*What you have to do*. Return exactly, with nothing added, the lines from the one that contains "pin by ferda" through the end of the listing below, pictures excluded.
[[ Data shown, beginning ]]
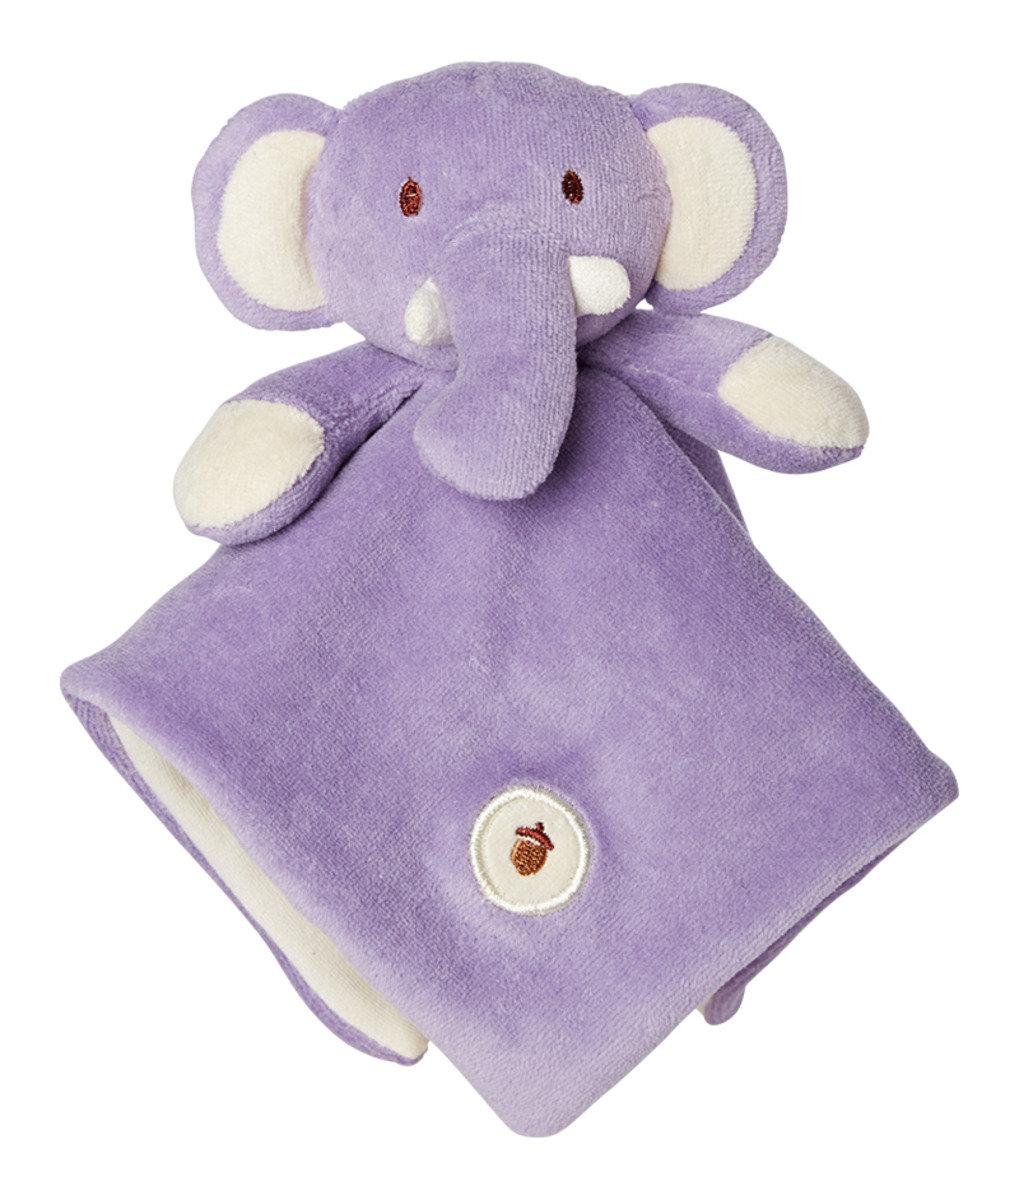 美國紐約My Natural™ Lovie Blankie天然有機棉安撫巾 - 粉紫小象
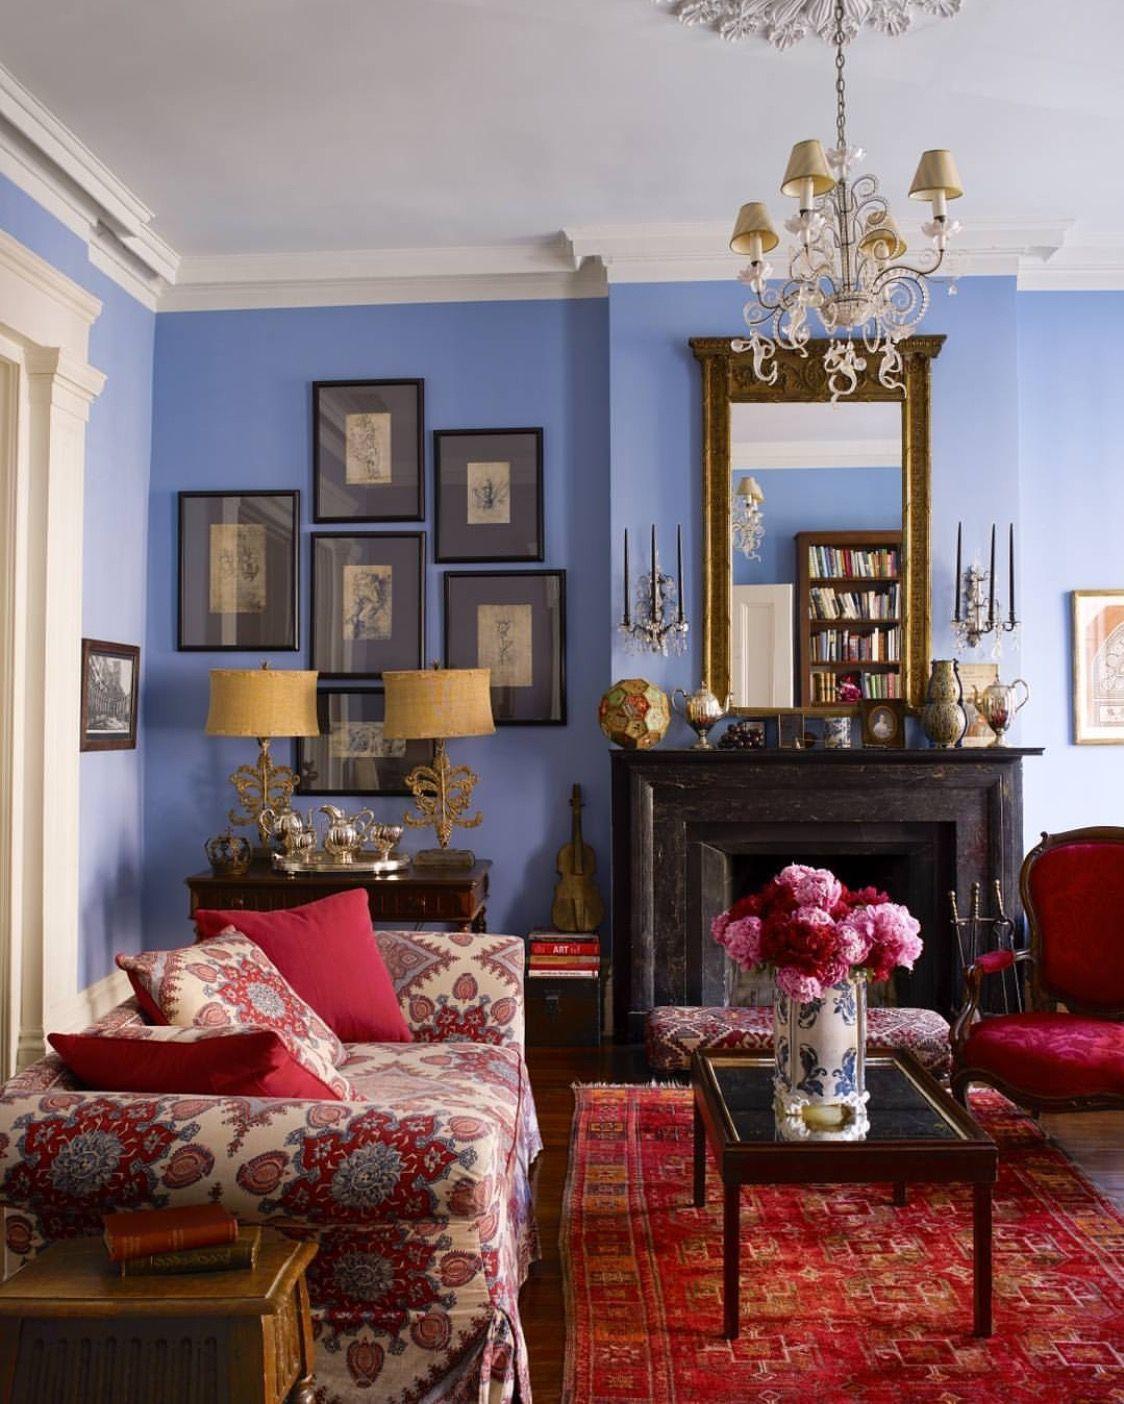 pin by ferda ar on l v ng room 2 pinterest rugs in living room rh pinterest ch
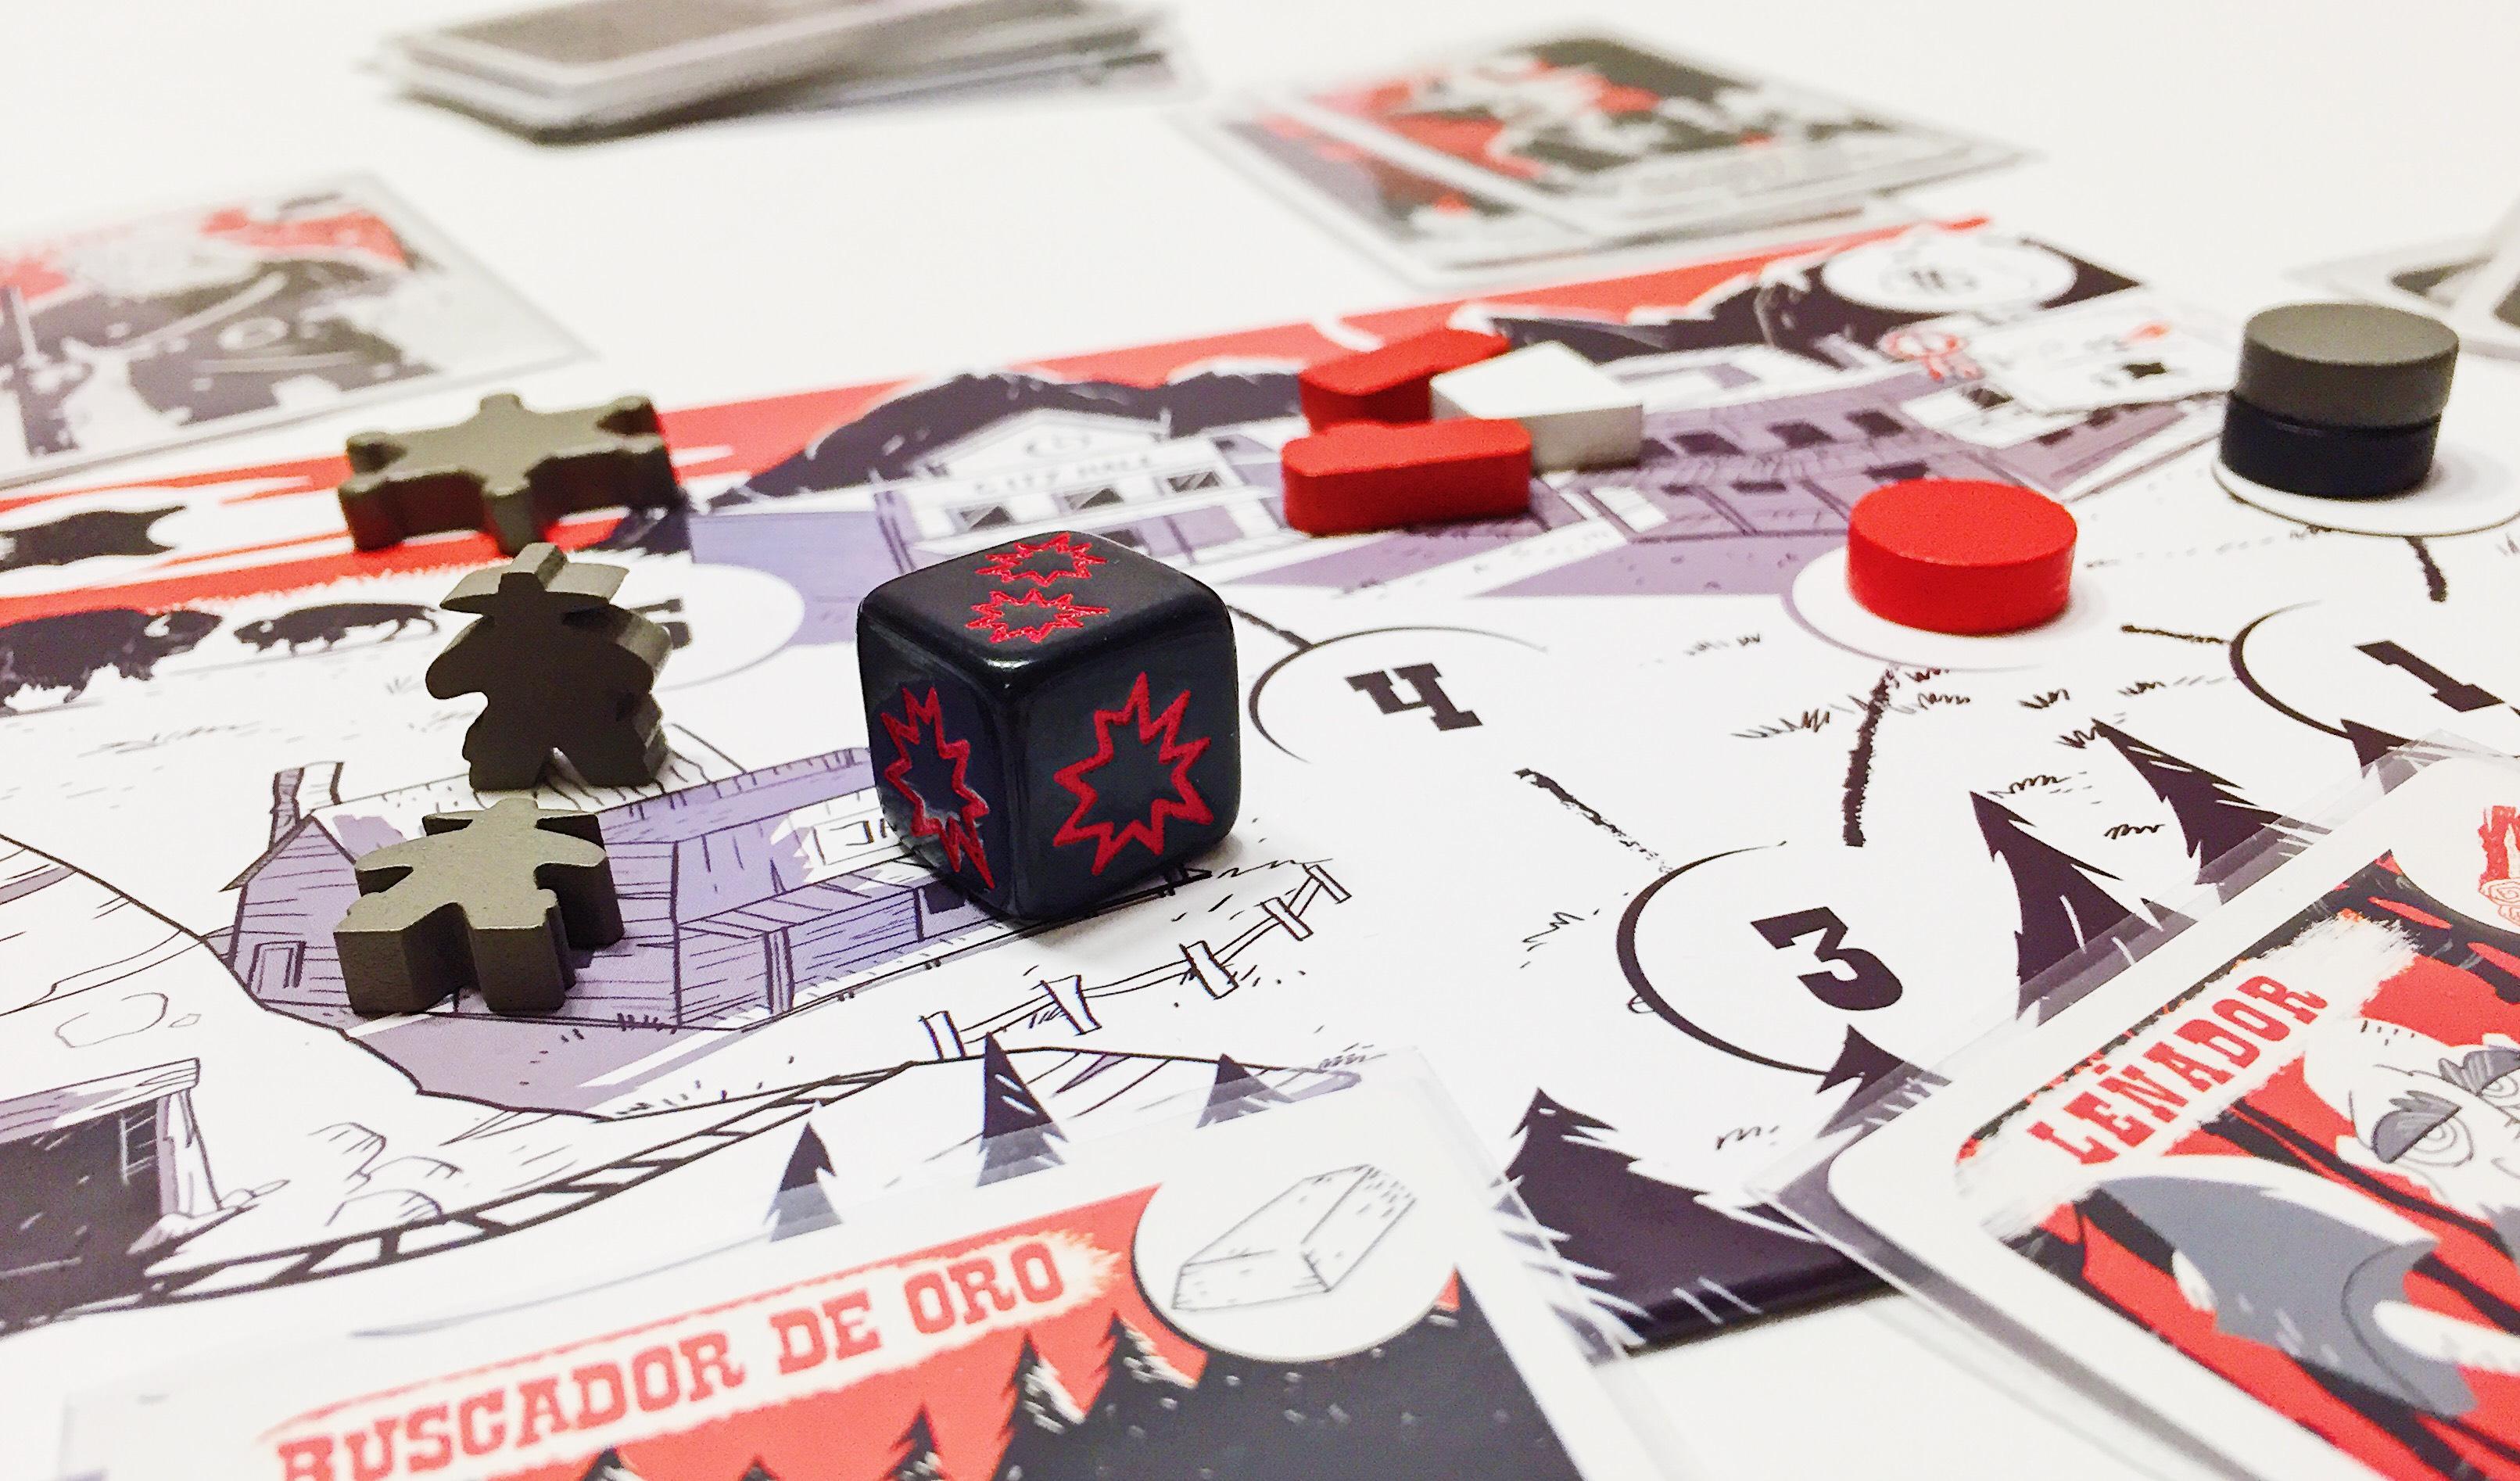 Diseñando un producto: Diario de un juego de mesa
[[ Data shown, end ]]
*Solved exercise*.
 pin by ferda ar on l v ng room 2 pinterest rugs in living room rh pinterest ch
 Diseñando un producto: Diario de un juego de mesa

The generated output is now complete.